** Entries provided follows **
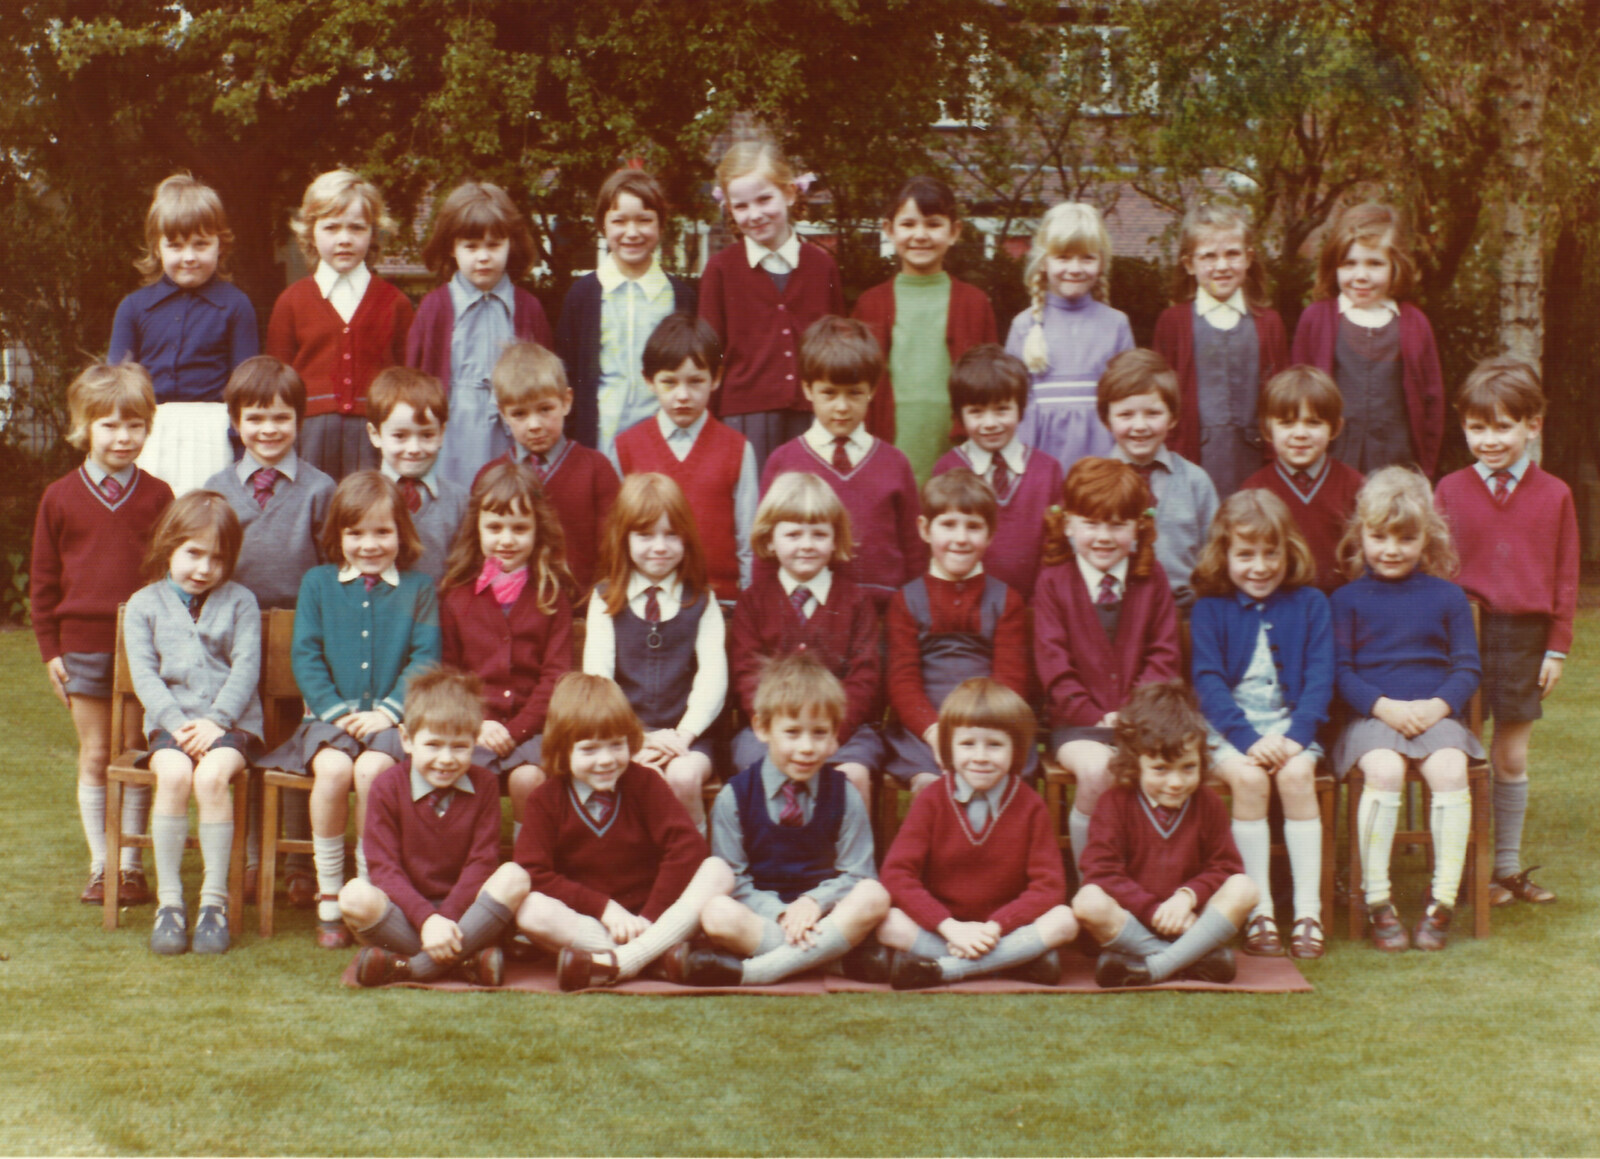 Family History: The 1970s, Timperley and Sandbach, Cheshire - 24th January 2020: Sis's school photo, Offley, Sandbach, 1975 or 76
** End of Entries provided **
** Entries provided follows **
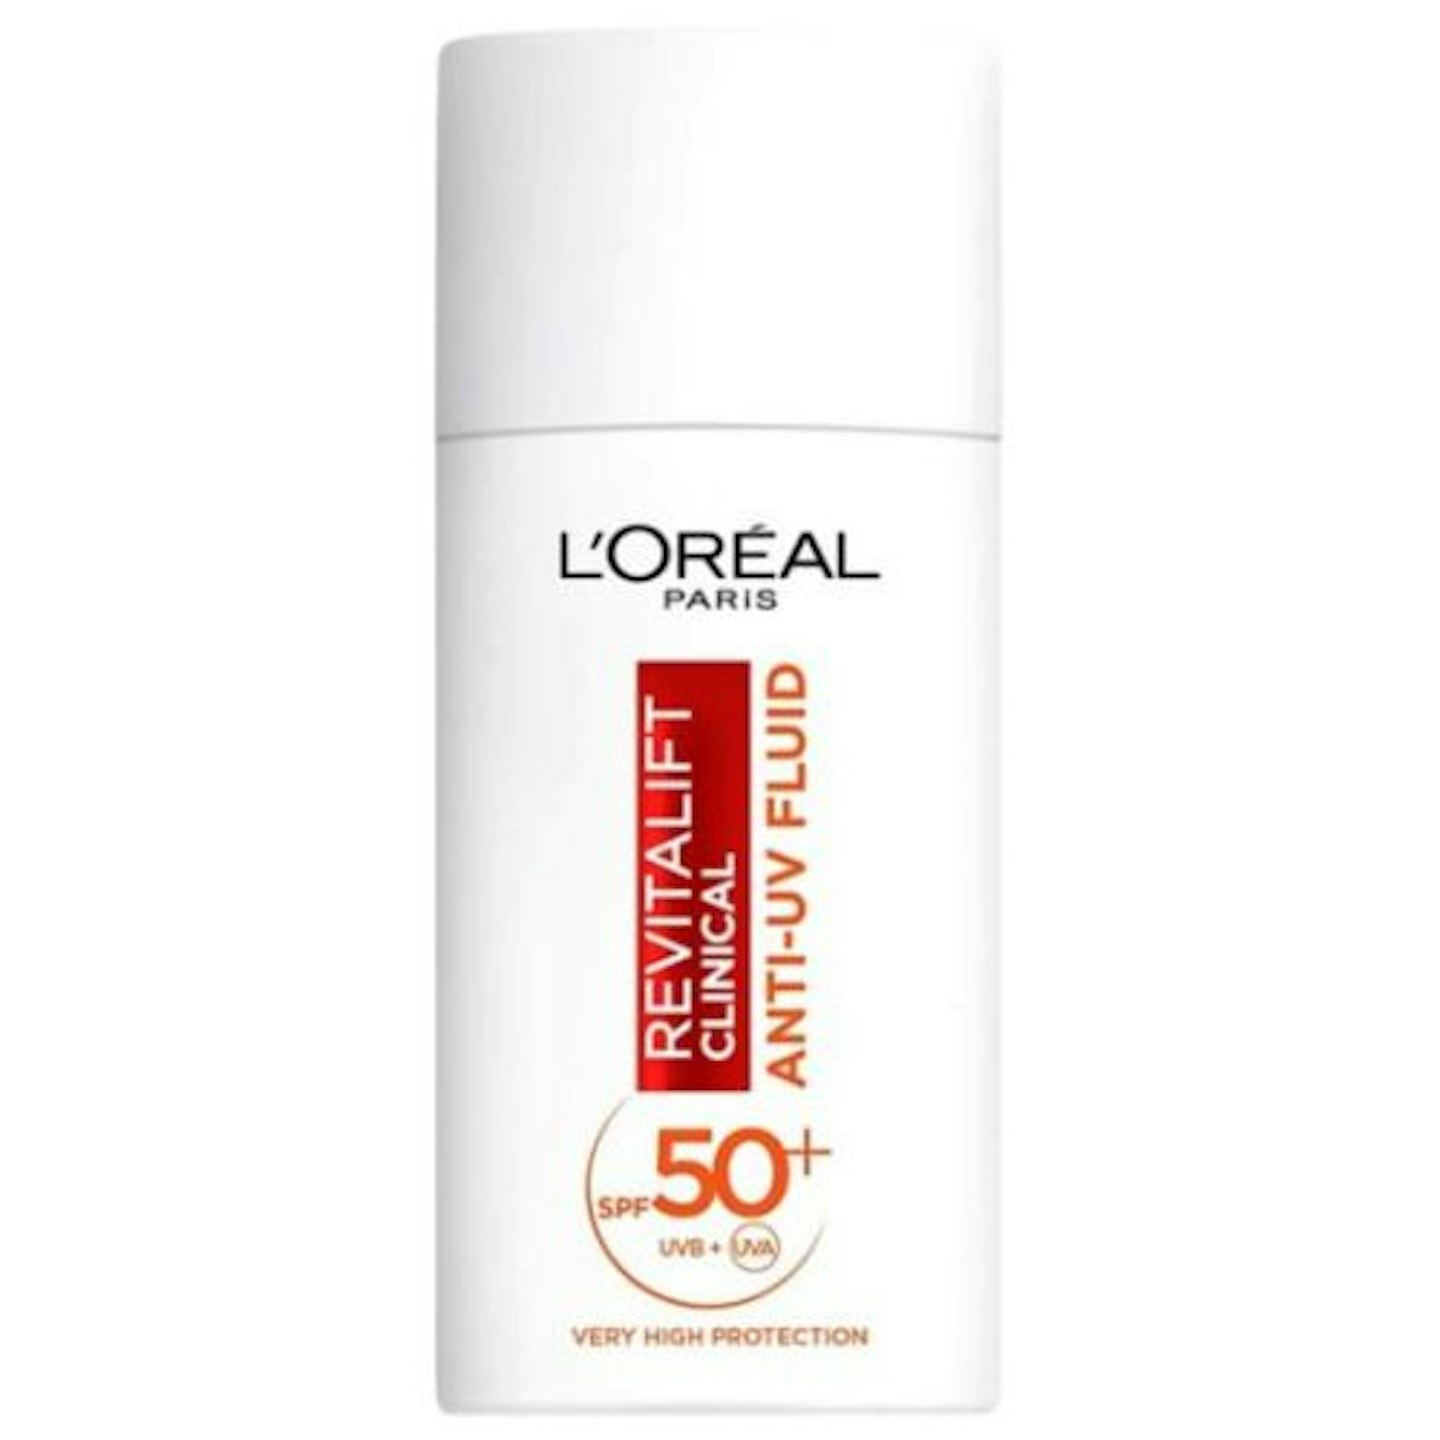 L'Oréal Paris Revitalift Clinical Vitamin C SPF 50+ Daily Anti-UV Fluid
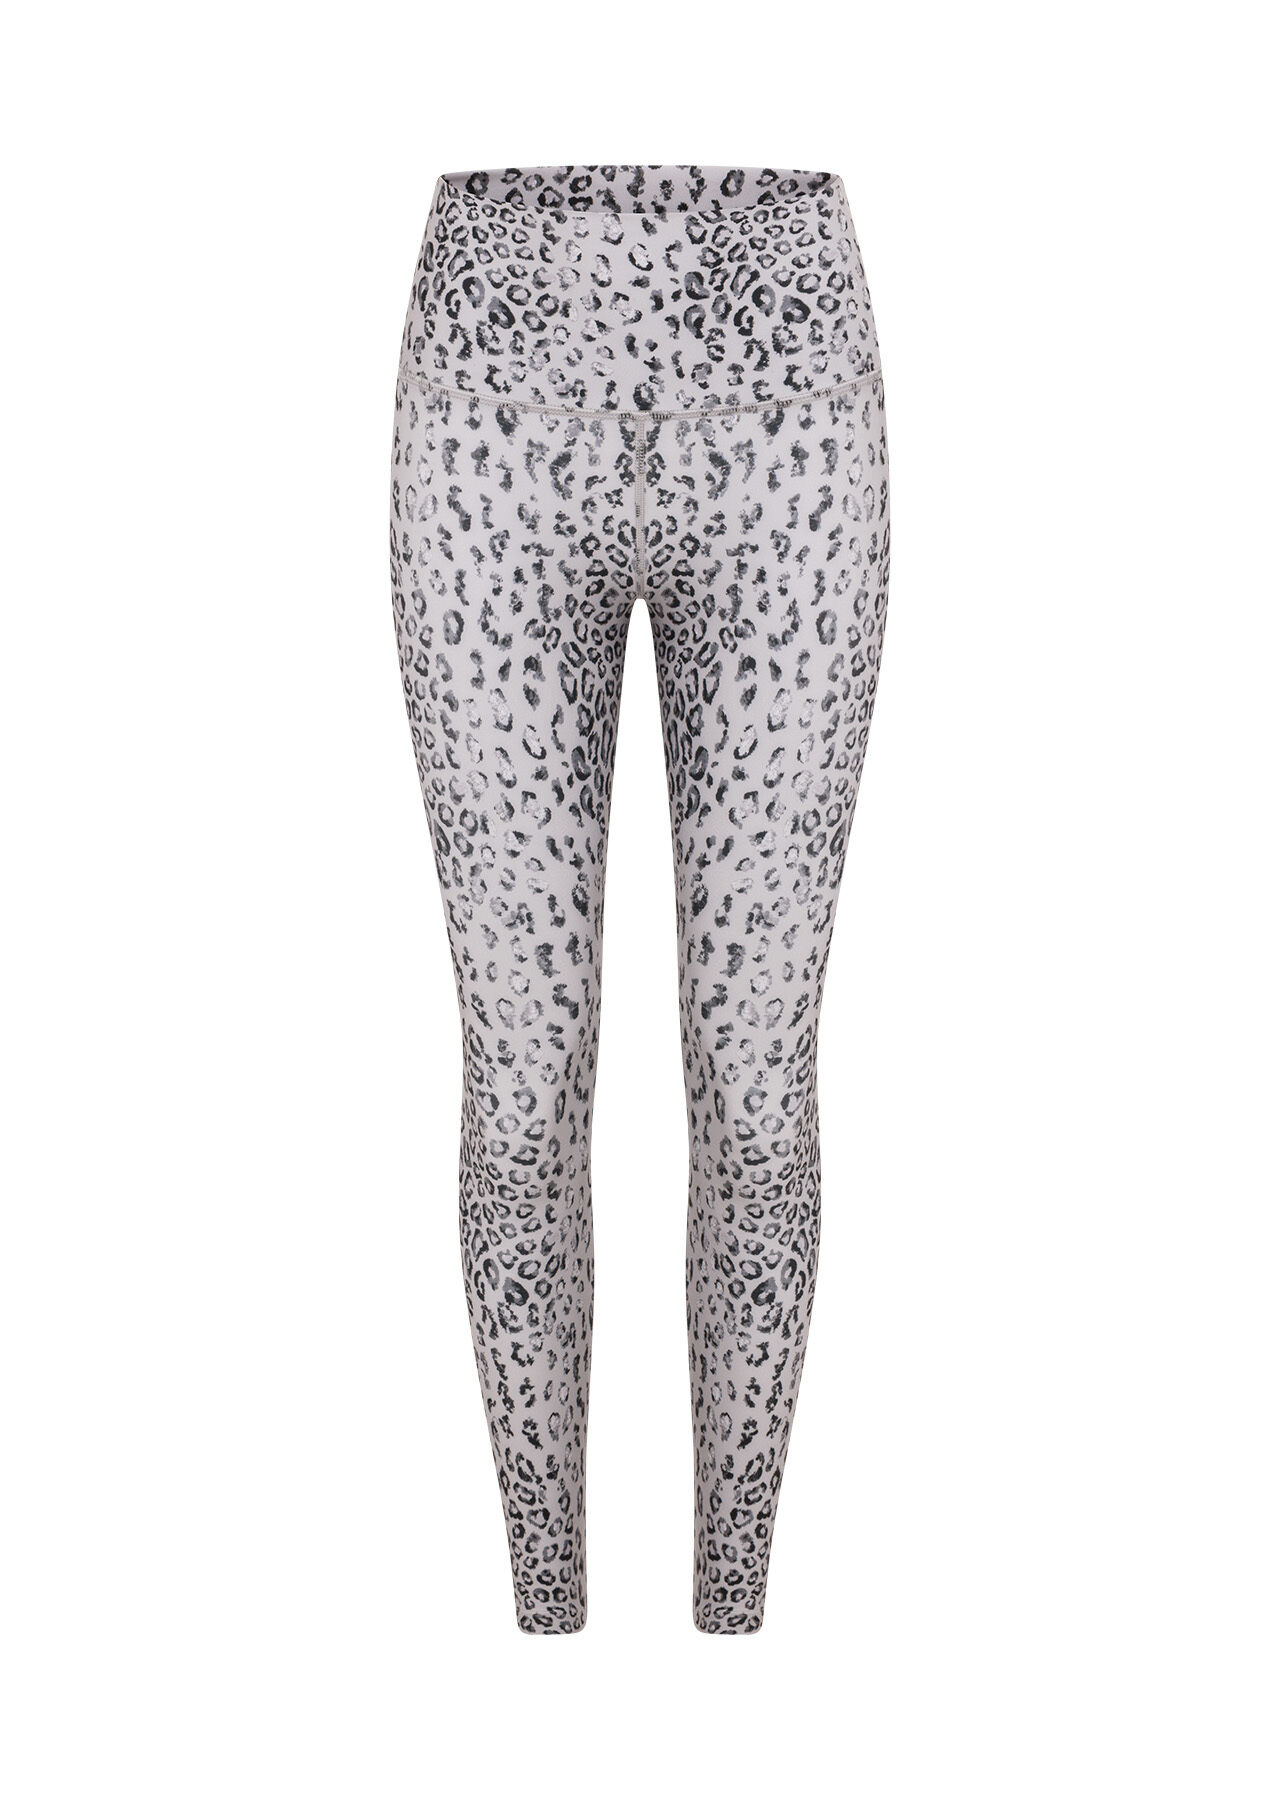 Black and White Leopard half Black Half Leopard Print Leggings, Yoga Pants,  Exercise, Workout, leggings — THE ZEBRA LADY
** End of Entries provided **
■ Task prompt
I'd like the lines above repeated exactly, from the one that contains "L'Oréal Paris Revitalift" through the one that contains "Black and White", with no pictures.

■ Reply
 L'Oréal Paris Revitalift Clinical Vitamin C SPF 50+ Daily Anti-UV Fluid
 Black and White Leopard half Black Half Leopard Print Leggings, Yoga Pants,  Exercise, Workout, leggings — THE ZEBRA LADY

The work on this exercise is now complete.